Canadians are also living longer. According to Statistics Canada, the average life expectancy for Canadians at age 65 is 20 years, with women living even longer than men. Statistics Canada also predicts that 17,000 Canadians could reach age 100 by the early 2030s. Canadians will need to factor longevity into their retirement savings plans and consider not having income from a job for 20 years on average, or in some cases, 30 years or more.
"Canadians are living better and working longer," said Moses Znaimer, President of CARP, Canada's 350,000-member association for A New Vision of Aging. "It's no secret that my mantra has long been, 'The best way to keep going is to keep going.' For Zoomers, working past the traditional age of retirement can be both personally beneficial and financially necessary. We will continue to work with Sun Life Financial, CARP's exclusive recommended Financial Advisor Partner, so we can offer our members support to develop a plan so they will have the choice to retire or to keep working."
When respondents were asked when they should have started saving for retirement, the average age to start was 24. Saving earlier and having a financial plan can help.
The survey also found that Canadians who have support from an advisor or a financial plan are more confident about having enough retirement income and more likely to be satisfied with their current level of retirement savings. Fifty-four per cent of Canadians who work with a financial advisor say they are satisfied with their current level of retirement savings, compared to only 28 per cent for those who do not work with an advisor.
Listen to Kevin Dougherty, President, Sun Life Financial Canada, as he comments on Canadians realizing their savings may have to last a long time.
These are some of the findings of an Ipsos Reid poll conducted between November 29 and December 12, 2011, on behalf of Sun Life Financial.
For this survey, Ipsos Reid conducted online interviews with a sample of 3,701 working Canadians from 30 to 65 years of age from Ipsos' online panel.

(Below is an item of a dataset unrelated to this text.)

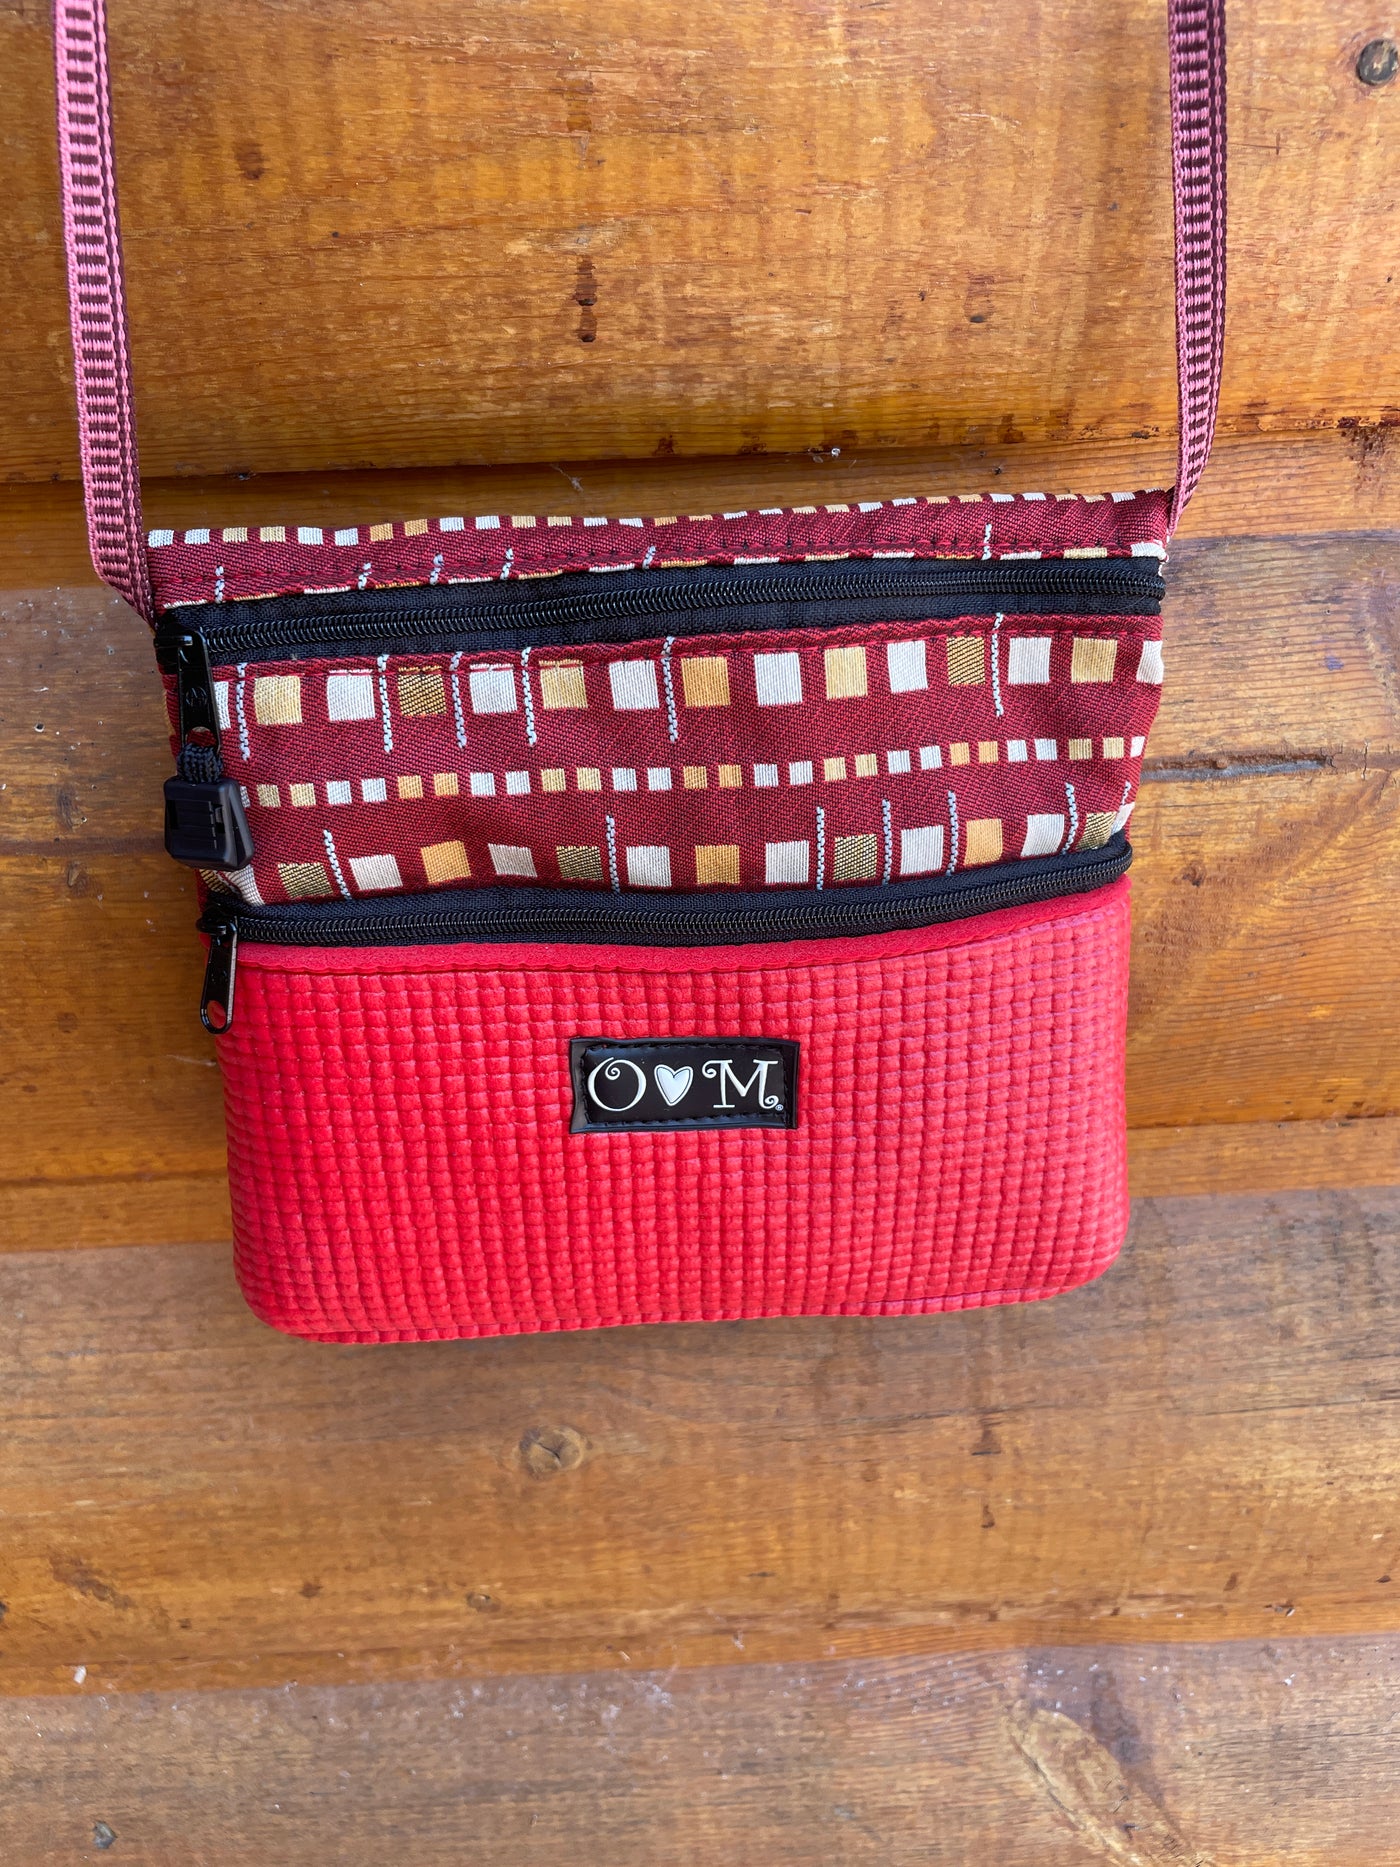 R M Jajal designer clutch and handbag - #embroideryslingpurse #rmjajal  #madeinindia #BestQualityProducts #handmade #khadimasks #canvasbag  #canvaspouch 🎁🎁🎁🎁🎁🎁🎁🎁🎁 #cloth purse clutch#jute embroidery sling  purse#handmade#Cloth purse#hand ...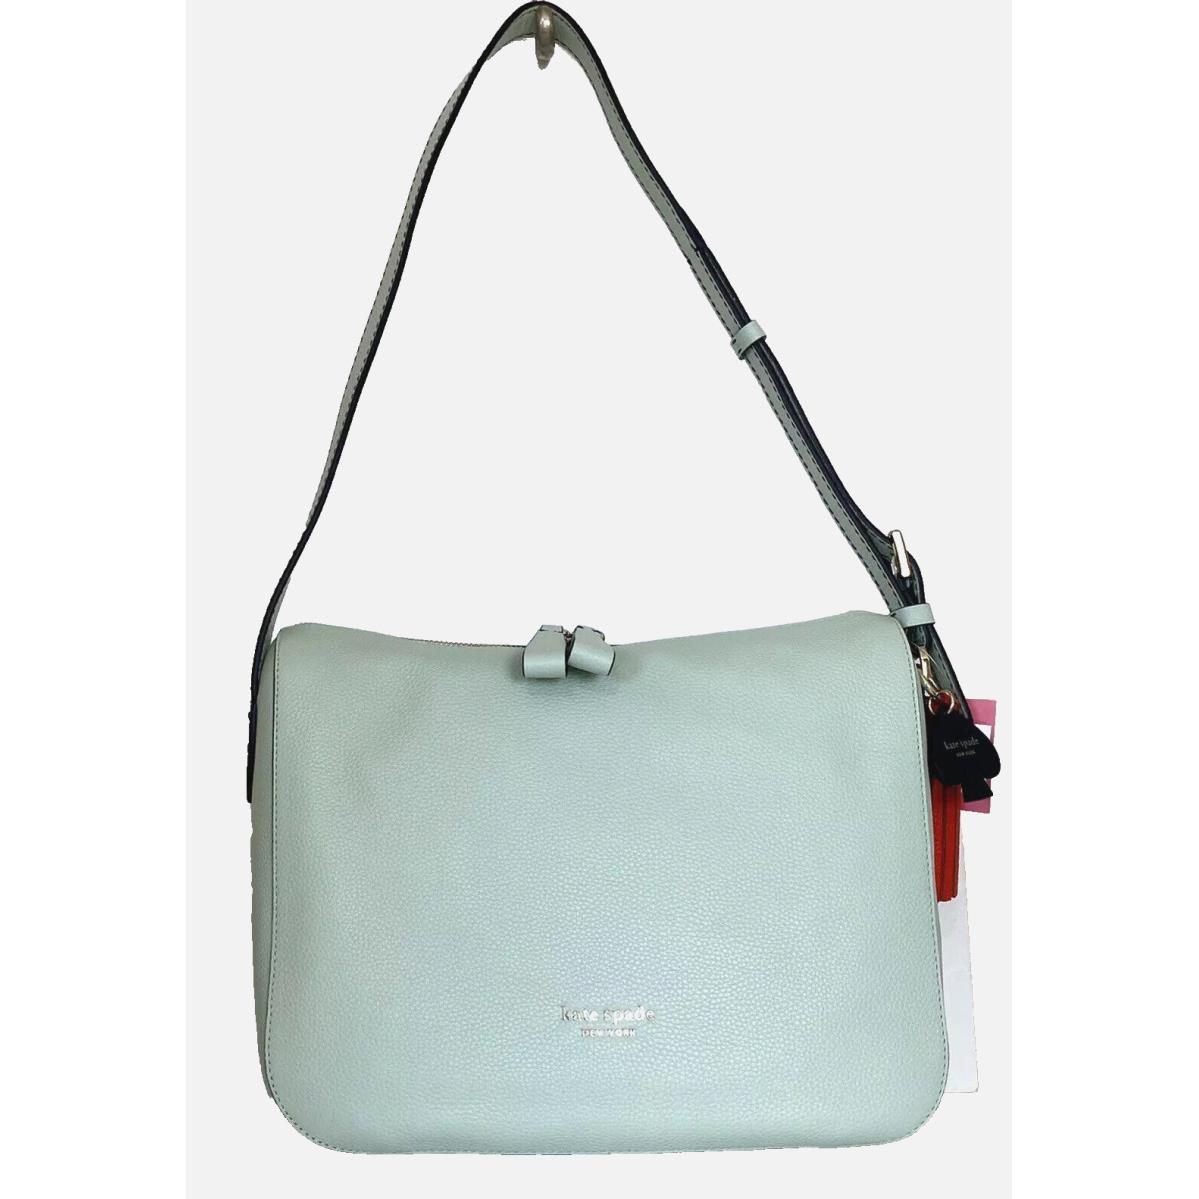 New Kate Spade Anyday Medium Shoulder Bag Pebble Leather Crystal Blue / Dust Bag

Ipsos employed weighting to balance demographics and ensure that the sample's composition reflected that of the adult population according to Census data and to provide results intended to approximate the sample universe.
A survey with an unweighted probability sample of this size and a 100 per cent response rate would have an estimated margin of error of +/-1.6 percentage points, 19 times out of 20, of what the results would have been had the entire population of adults in Canada been polled. The margin of error will be larger within regions and for other sub-groupings of the survey population. All sample surveys and polls may be subject to other sources of error, including, but not limited to, methodology change, coverage error and measurement error.
About Sun Life Financial
Sun Life Financial is a leading international financial services organization providing a diverse range of protection and wealth accumulation products and services to individuals and corporate customers. Chartered in 1865, Sun Life Financial and its partners today have operations in key markets worldwide, including Canada, the United States, the United Kingdom, Ireland, Hong Kong, the Philippines, Japan, Indonesia, India, China and Bermuda. As of December 31, 2011, the Sun Life Financial group of companies had total assets under management of $466 billion.
For more information please visit www.sunlife.com.
Sun Life Financial Inc. trades on the Toronto (TSX), New York (NYSE) and Philippine (PSE) stock exchanges under the ticker symbol SLF.
Note to Editors: All figures in Canadian dollars.